▼▼▼

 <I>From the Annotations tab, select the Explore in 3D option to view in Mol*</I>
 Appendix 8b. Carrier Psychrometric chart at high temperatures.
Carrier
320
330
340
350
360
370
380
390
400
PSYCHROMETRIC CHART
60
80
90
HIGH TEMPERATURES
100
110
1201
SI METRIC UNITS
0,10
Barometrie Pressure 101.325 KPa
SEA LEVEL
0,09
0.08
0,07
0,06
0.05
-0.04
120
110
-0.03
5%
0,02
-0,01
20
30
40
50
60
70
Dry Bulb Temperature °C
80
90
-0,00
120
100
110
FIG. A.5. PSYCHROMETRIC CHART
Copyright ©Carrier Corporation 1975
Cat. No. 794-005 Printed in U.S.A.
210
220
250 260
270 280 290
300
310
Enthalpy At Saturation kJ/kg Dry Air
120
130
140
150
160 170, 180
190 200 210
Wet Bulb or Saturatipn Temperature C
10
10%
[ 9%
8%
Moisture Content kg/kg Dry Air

▲▲▲

(EXERCISE DETAILS) The word "Bulb" appears in some lines of the data; state how many such lines there are, and nothing further.

(RESPONSE AREA) 2